I overlapped with Jahren at UC Berkeley. We were grad students in different departments, and I don't think we ever met, but we probably had friends in common.

Cynthia Dwork and Aaron Roth, The Algorithmic Foundations of Differential Privacy.

A monograph summarizing the state of the field of differential privacy, written by the originator of the field and one of her frequent collaborators. It's fairly technical, but it doesn't assume any prior expertise with differential privacy specifically.

The most important thing to realize about differential privacy is that it's a definition, not a mechanism or an algorithm or a technique. We assume we have some dataset and want to compute something about it — the number of users in some category, for example. The intuition is that if a computation respects privacy then the result shouldn't change enough to notice if we add or remove a single record, hence the “differential” part. Or more formally: we restrict ourselves to randomized computations, since exact answers always let us learn something about individuals, and we define a computation M to be ε-differentially private if, for any possible set of results S, P[M(x) ∈ S] ≤ exp(ε) P[M(x') ∈ S] whenever x and x' are datasets that differ by a single row. There's also a related notion of (ε,δ)-differential privacy; I don't yet have a good intuition for how to think about the differences betwen (ε,δ)-differential privacy and (ε,0)-differential privacy.

The reason this definition is important is that it captures at least some of our intuitions about what it means to realease a value computed from a dataset that doesn't compromise the privacy of anyone whose data is included, and it has the important property that postprocessing a differentially private computation or combining the result with auxiliary information doesn't change the fact that it's differentially private, and it turns out that at least some of the questions we would like to ask about datasets can be answered in ways that satisfy differential privacy without giving up too much accuracy, for example by adding an appropriate amount of Laplacian or Gaussian noise.

Differential privacy is an active research field, and it's connected to a lot of other research areas. There's a chapter on differentially private machine learning, but even in other chapters there are similarities between some of the techniques of differential privacy and machine learning. Perhaps this shouldn't be surprising; if you squint appropriately, both machine learning and privacy are about generalization. One of the sections I found most interesting, which unfortunately was brief, was the definition of ε-computationally differential privacy, which weakens differential privacy to allow (roughly) a computation where the presence or absence of a single record doesn't change the result in a way that can be exploited in polynomial time.

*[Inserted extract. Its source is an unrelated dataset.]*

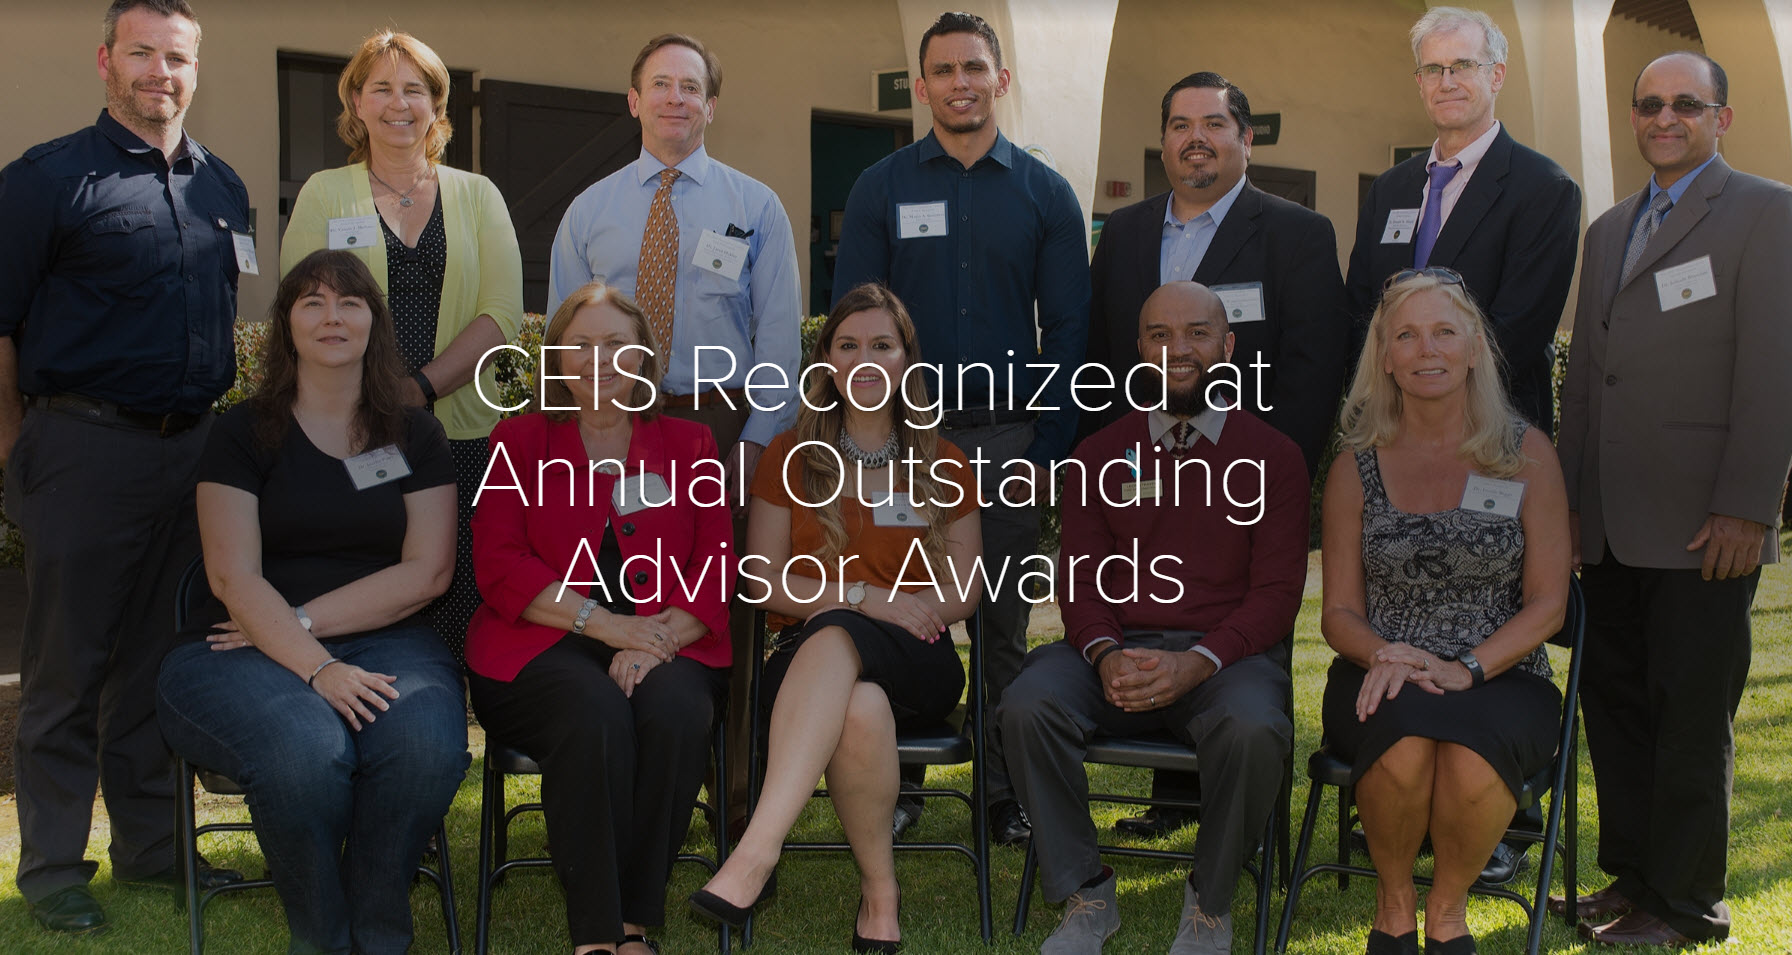 outstanding advisor awards 2016 group

I have the impression that there hasn't been much work on that concept yet.

Ryan North (writer) and Erica Henderson (artist), The Unbeatable Squirrel Girl vol. 3: Squirrel, You Really Got Me Now.

Collecting issue 1–5 of The Unbeatable Squirrel Girl (2015B), plus Howard the Duck #5 for the crossover story. In this run we learn, among other things, that Squirrel Girl (a.k.a. Doreen Green) knows how to program in C++ and Doctor Doom doesn't.

Ryan North (writer) and Erica Henderson (artist), The Unbeatable Squirrel Girl (vol. 1)

This book collects the eight issues of The Unbeatable Squirrel Girl (2015) plus a few of the older comics that she appears in, including the 1991 Marvel Super-Heroes vol. 2 #8 where she first appears, where she teams up with Iron Man and defeats Doctor Doom.

Winston S. Churchill, The World Crisis: 1915

The year 1915 was fated to be disastrous to the cause of the Allies and to the whole world. By the mistakes of this year the opportunity was lost of confining the conflagration within limits which though enormous were not uncontrolled. Thereafter the fire roared on till it burnt itself out. Thereafter events passed very largely outside the scope of conscious choice. Governments and individuals conformed to the rhythm of the tragedy, and swayed and staggered forward in helpless violence, slaughtering and squandering on ever-increasing scales, till injuries were wrought to the structure of human society which a century will not efface, and which may conceivably prove fatal to the present civilization.

Arguably overblown, and certainly self-serving. (This is the second volume of Churchill's War memoirs, and the one that focuses on Gallipoli.) Also largely correct.